Why is it that it’s sometimes so difficult to be happy and energized as much as I want to be? Why do we do things for ourselves or for others and feel like it’s a burden?
I took a job in a different field out of my wheel-house thinking it would be stable. Yet I didn’t let a failure of leadership deter me I found another place and it seemed like the last job I would ever need.
I studied hard and even passed the competency test on schedule after having the flu for about a week and had a tiny fracture requiring a brace for nearly 2 months. Then after all that the soap became my enemy. I had to put steroid cream on my hands for weeks.
Migraine headaches are normal for me, but not to have them every night I work. The stress of having a trainer go against my doctors orders, and yet at the same time being afraid to contradict said trainer was straining. Then add in the fact I was one of two people training. So yes there was the added idea of two different interactions with us trainees.
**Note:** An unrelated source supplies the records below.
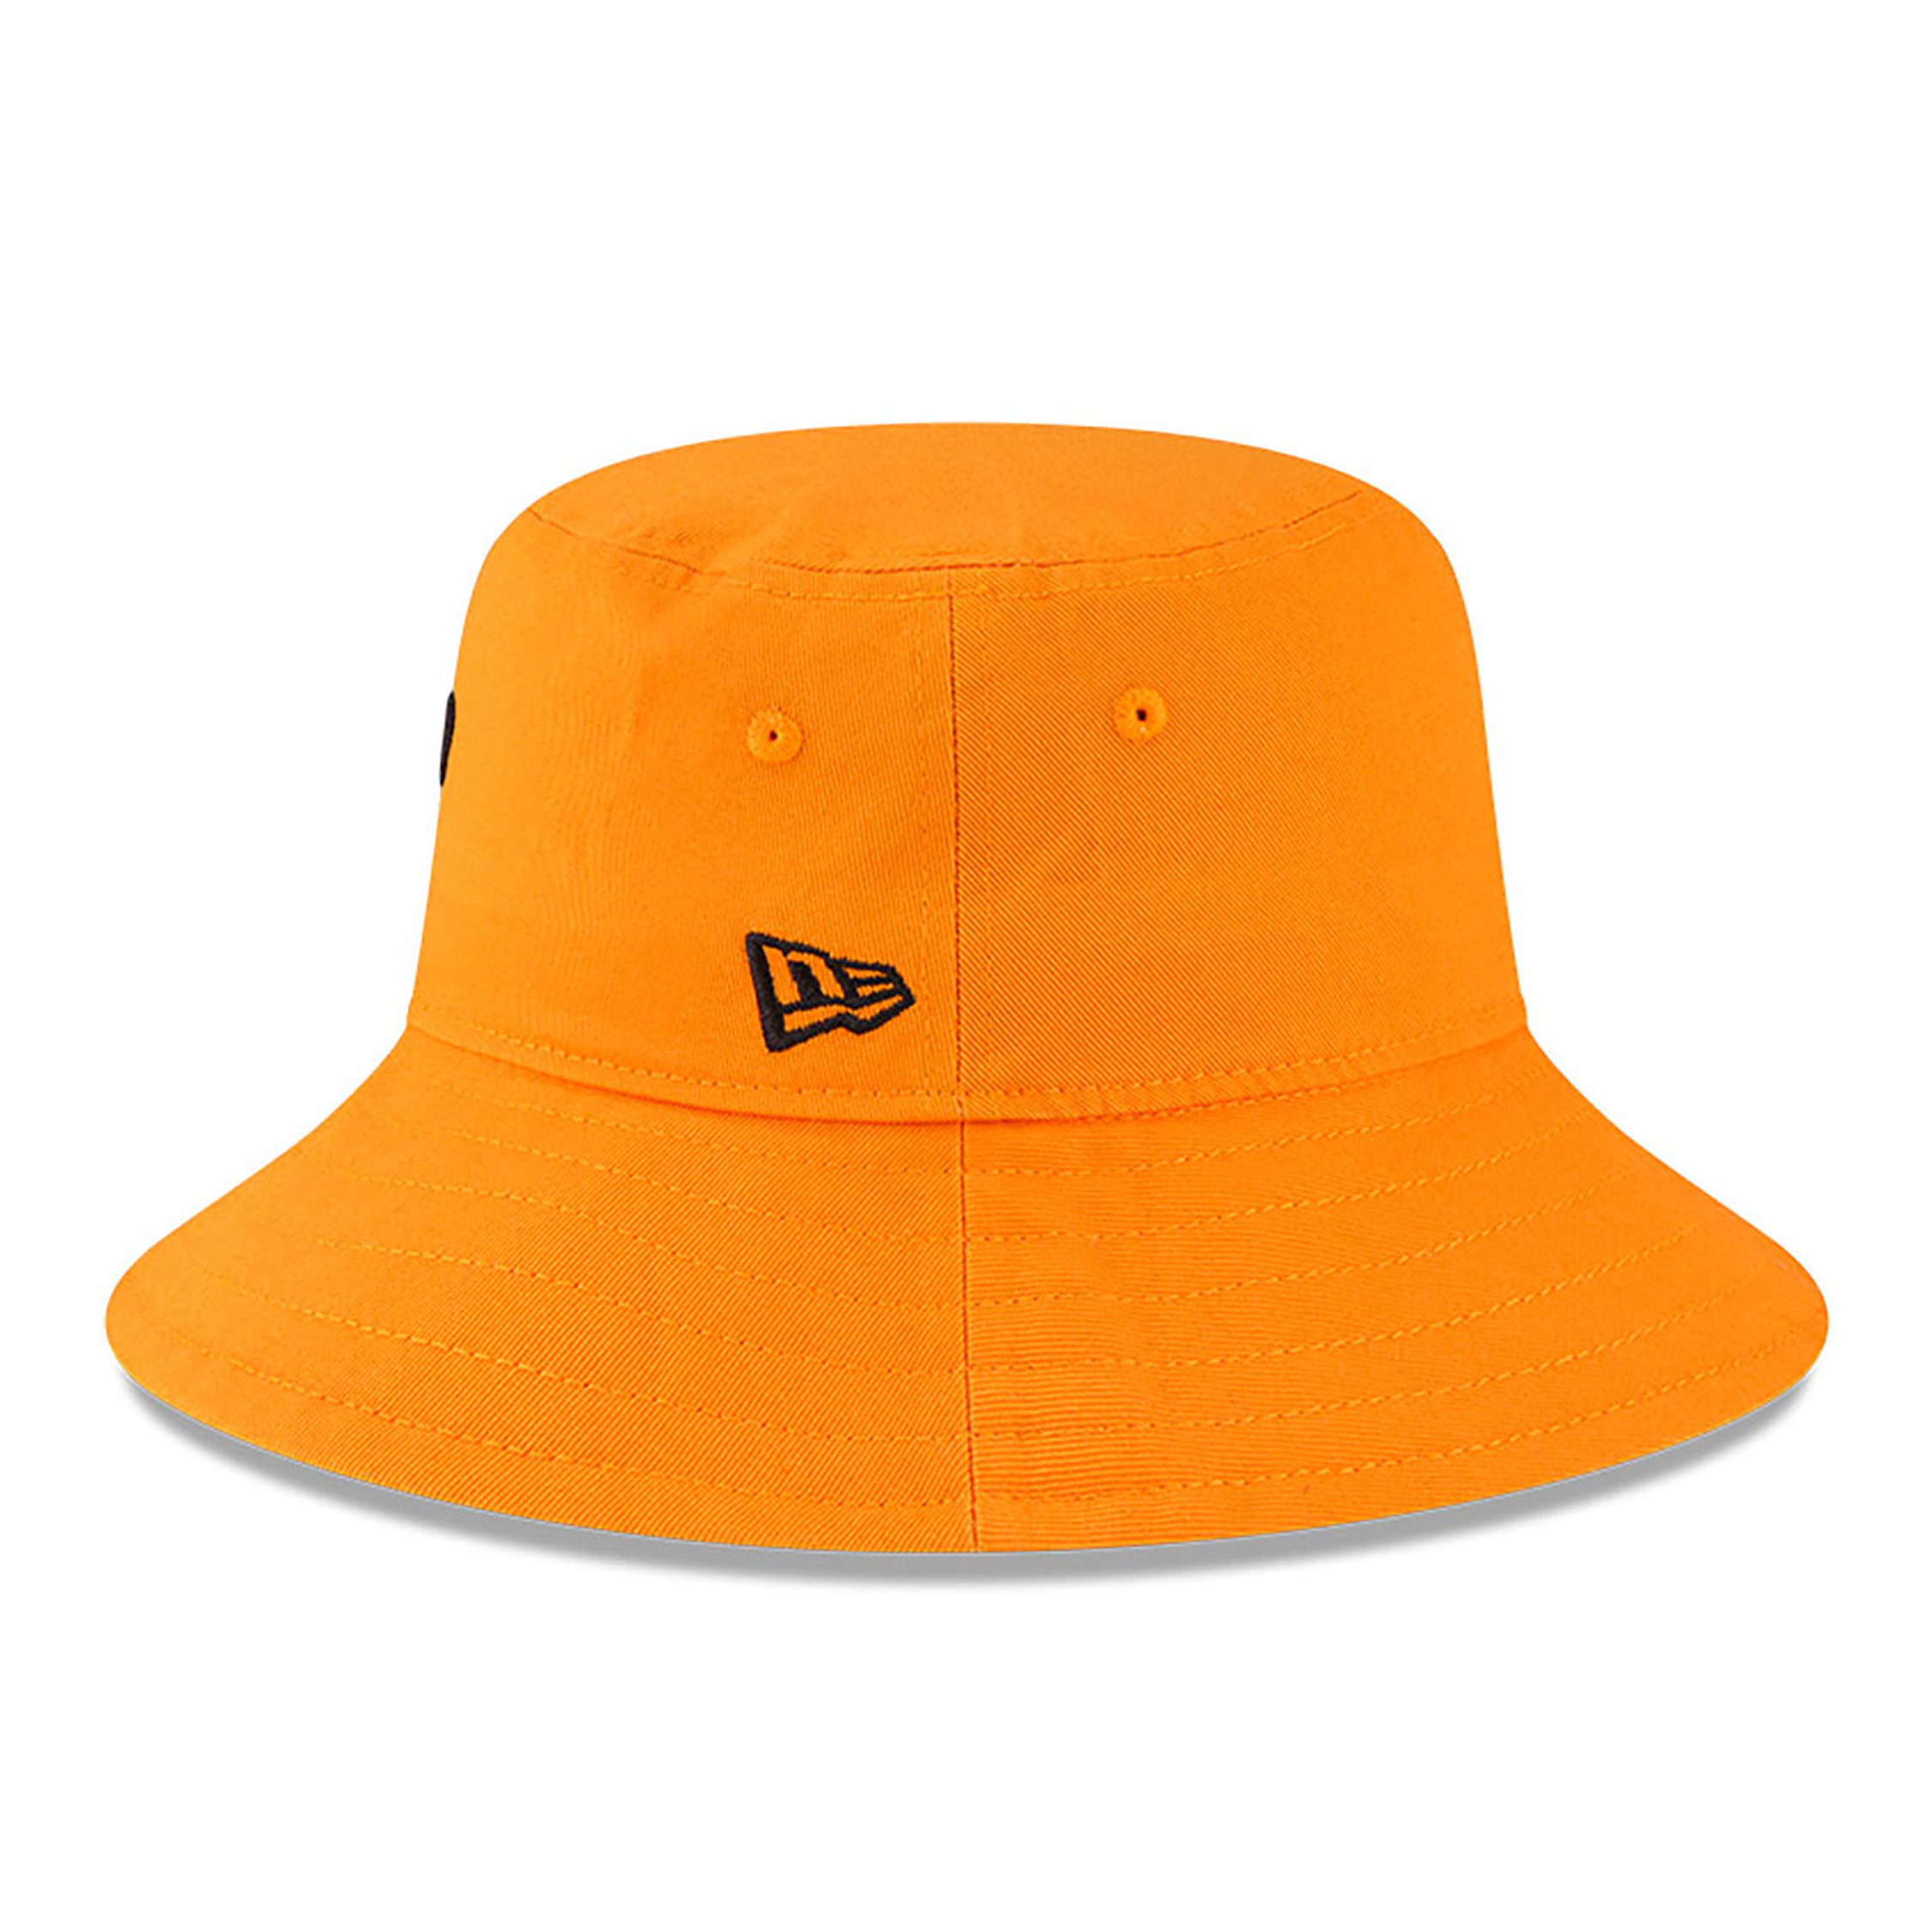 McLaren Racing Orange Bucket Hat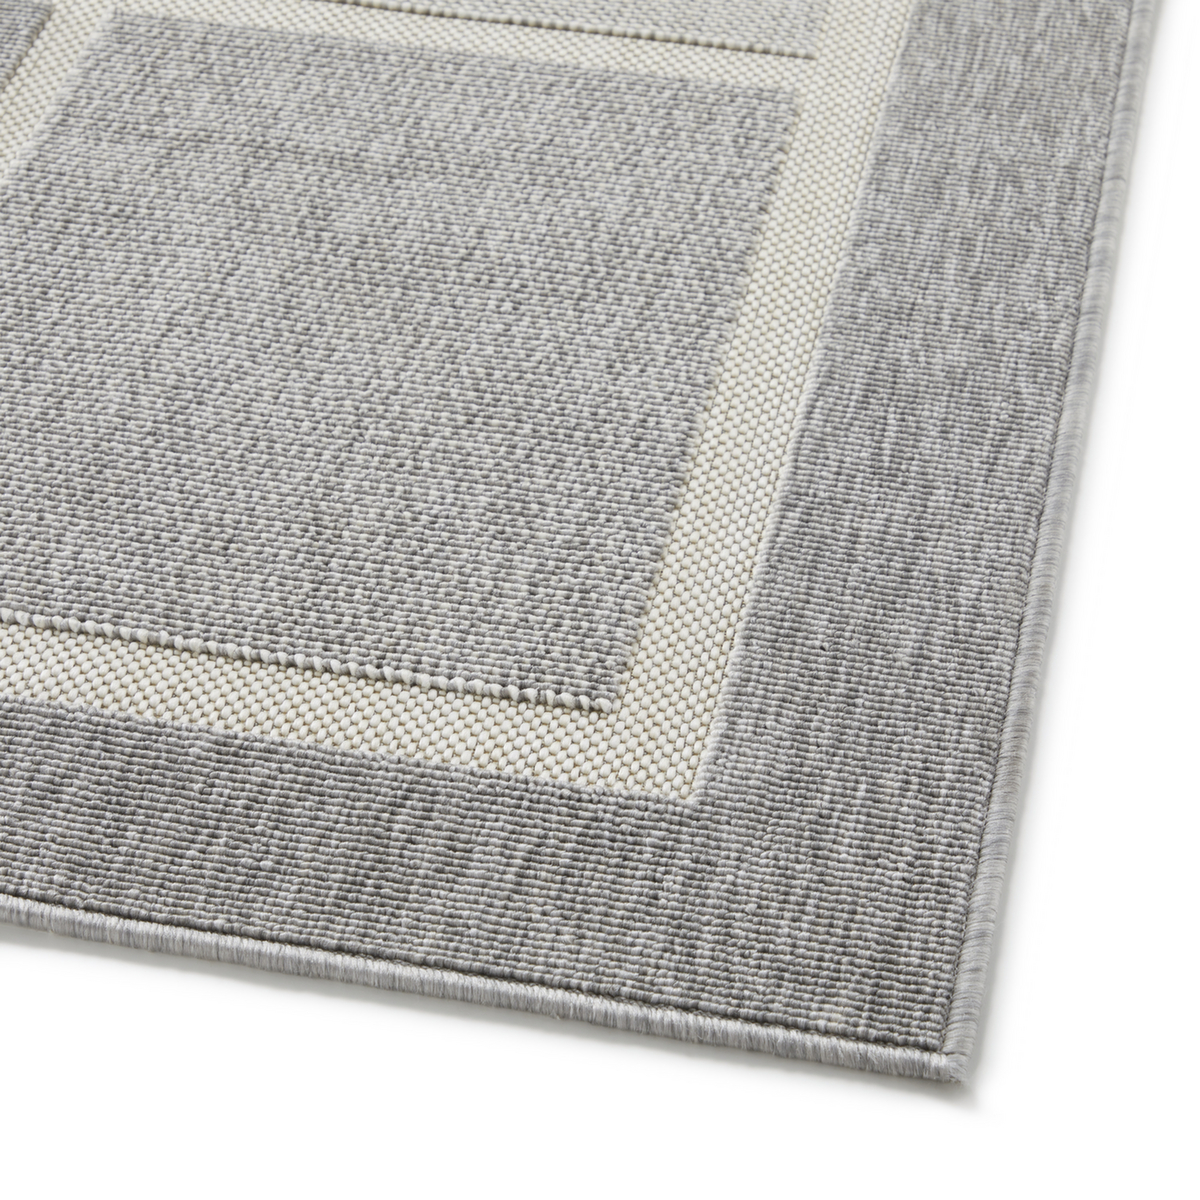 Paperflow Wetterfester Teppich Fenix für innen und außen Detail 1 ZOOM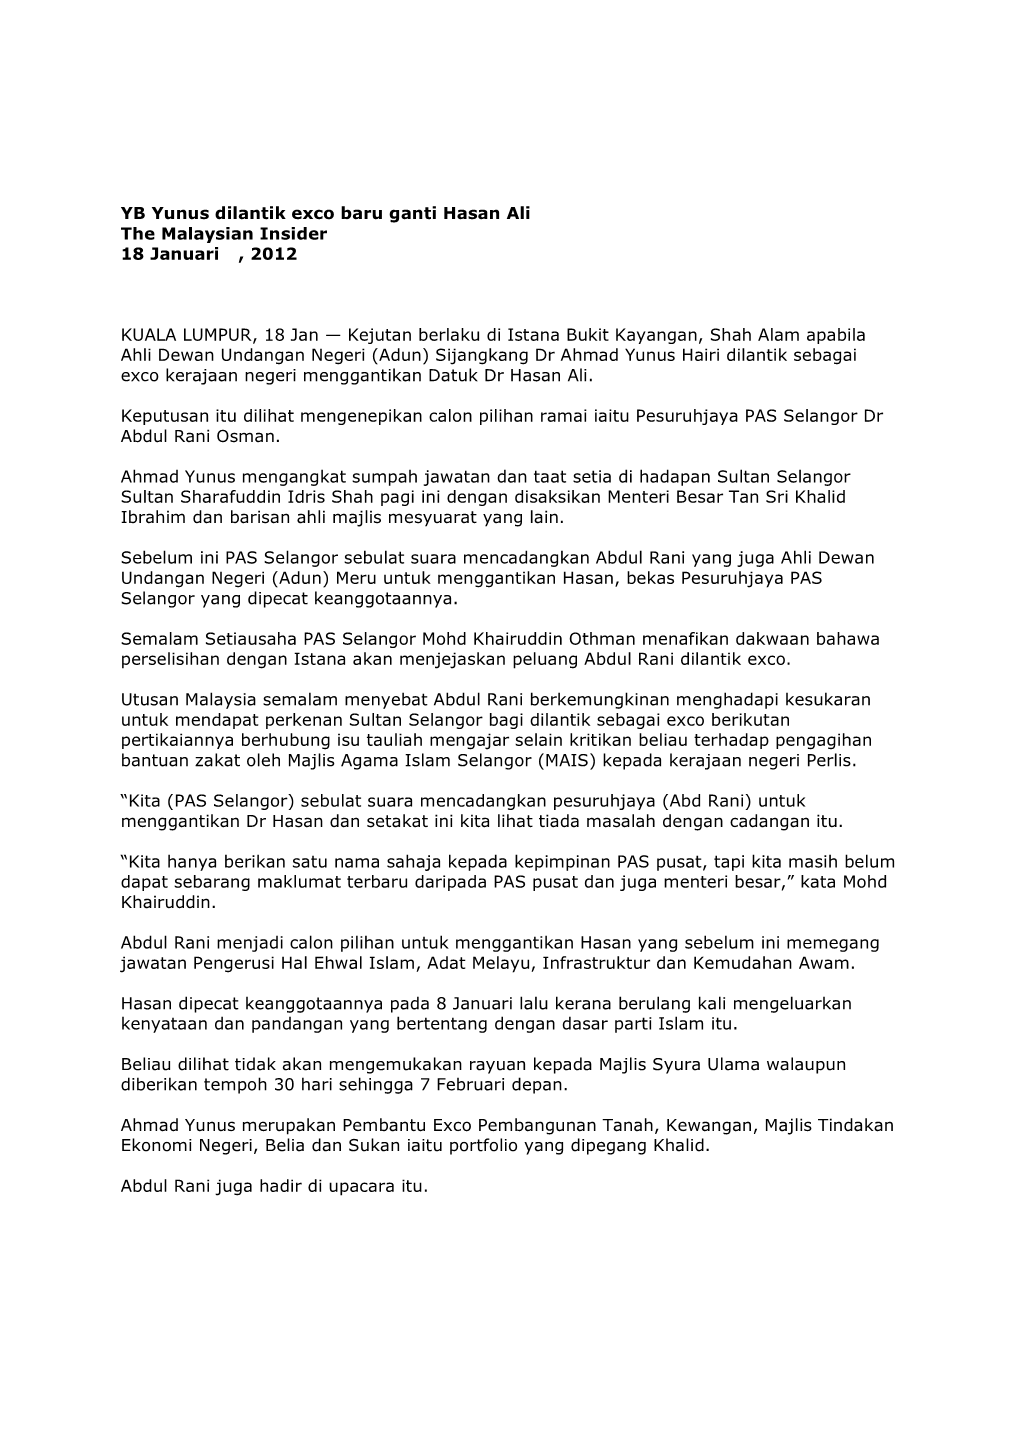 YB Yunus Dilantik Exco Baru Ganti Hasan Ali the Malaysian Insider 18 Januari , 2012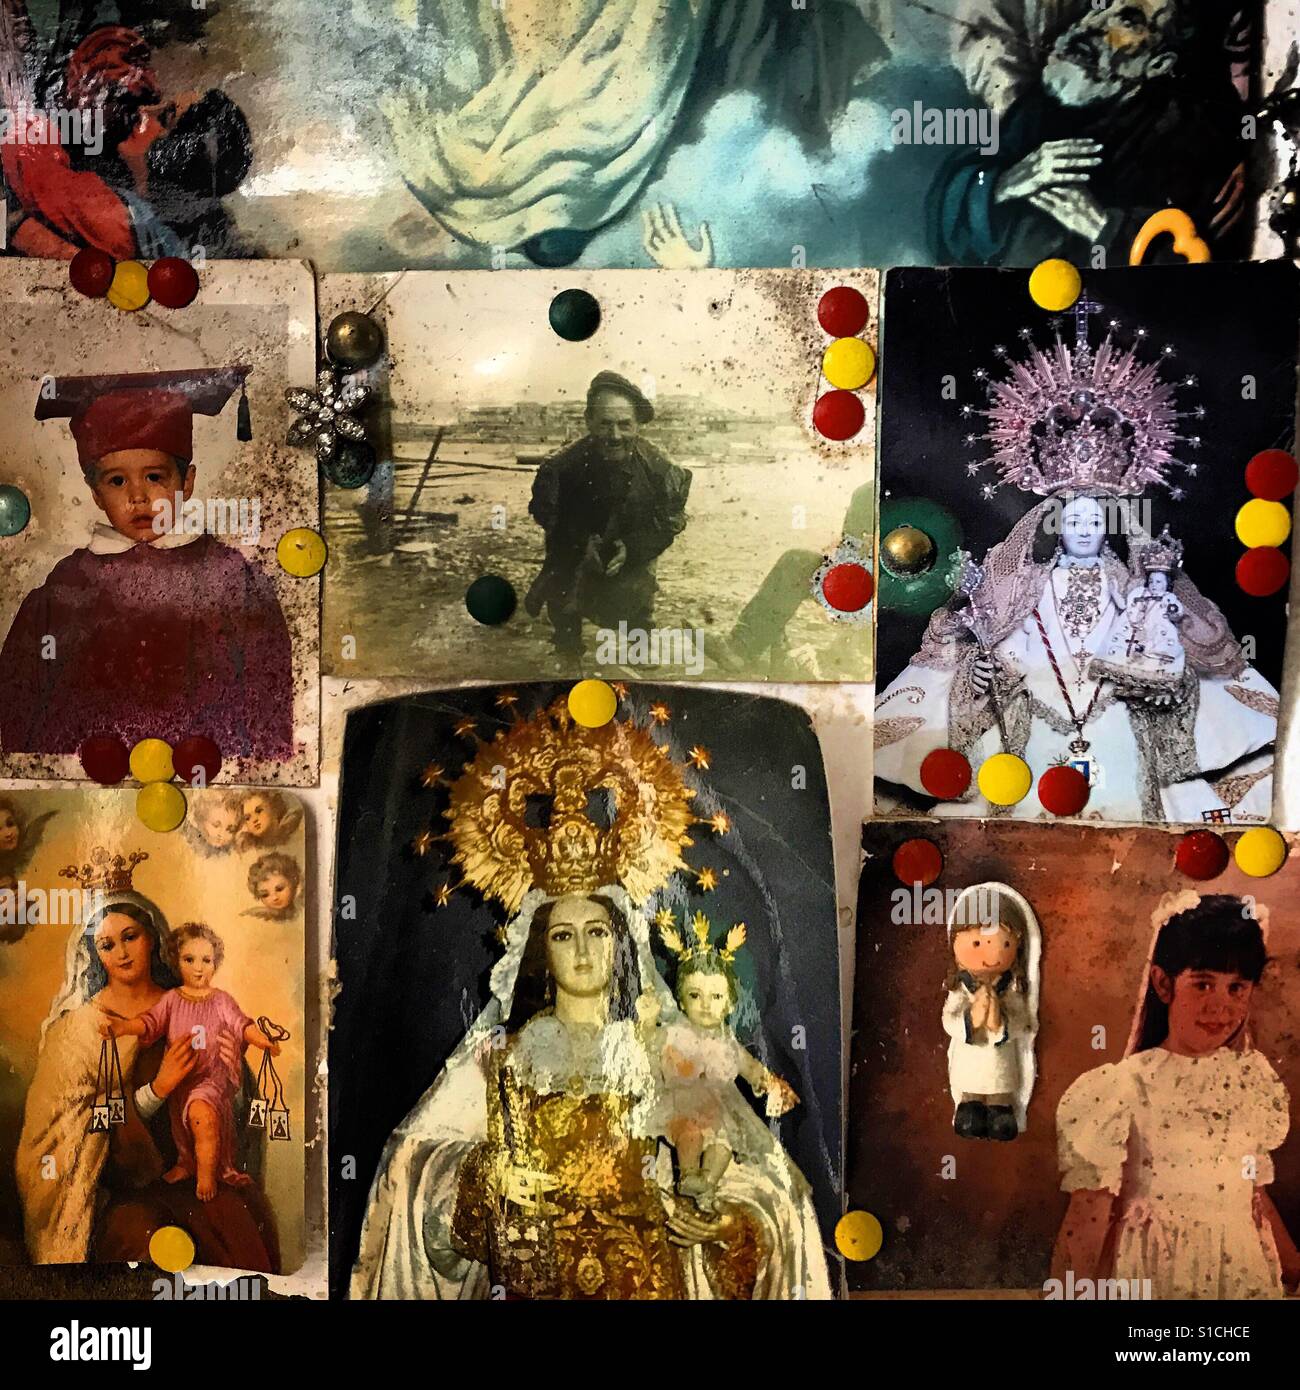 Porträts und Bilder der Jungfrau Maria schmücken ein Bankrott Restaurant im Prado del Rey, Sierra de Cadiz, Andalusien, Spanien Stockfoto

I had the prior experience, but she was younger and quicker and it seemed at times that she would throw me under the bus for her ability to make it up the rope with the trainer, supervisor and manager.
You would think that was enough to deal with, but the ulcer that came with my trainer forced me to use my arm more than my doctor had said to get worse. First of all, I was left to troubleshoot by myself. The manager told me personally that it should never have happened. She was even there when it happened and was not informed in order to help. That’s when my ability to completely trust my trainer went out the door; never to fully re-emerge. Going to work remembering that I had been left to hang brought me to fear each day working with her.
The ulcer then had made my migraines worse, created stomach problems and then a third complication from the bile seeping from my stomach through my esophagus into my throat into my mouth. All this time I kept thinking why… I chose this for an emotional reason and to have a reliable job with good benefits and was able to use some of the education I had already received.
It took two outbursts from those who were supposed to be supporting me in this training. They yelled at me for asking for help and asking questions. Then after not eating well for a long time nor sleeping well they expected me to work with the lady who had just yelled at me in front of the patients for the next two days. Apparently, I hid my ulcer from everyone except the manager and the number 1 nurse. I was absolutely overworked and physically, emotionally, and spiritually bruised.
Dealing with the effects of PTSD still haunts me in my dreams. I can still see the blood and the patient in her seat and on the floor. I took this job because it was a good job and I had to force myself to leave it because my body was telling me it wasn’t worth the price of my health. It took the bulk of 3 months to get away from the ulcer medication. Only because that medicine was also harming me the longer I had to take it. My mouth is still not fully healed.
This experience has taught me a few things. God did in fact have a reason for me in dialysis. I got to see how my uncle was given treatment and I got to meet the people giving him his treatments. I have an even bigger awareness of dialysis and its effects on patients and the staff. I also feel that I found myself in a hornets nest.
What doesn’t kill you makes you stronger right? Today I was triggered by seeing someone and I didn’t expect to type this all out, but sometimes it’s good to let things out. Knowing what I know now; I’m still asking why? Why did I stay in this mess for 5 and a half months knowing they wouldn’t change and that I was getting sicker. Why did this job seem so imperative and important? Sometimes you have to know what you need to do and make a decision. My physician said she was proud of me for taking a stand for myself.
So why do I still feel like I’m the one that did wrong?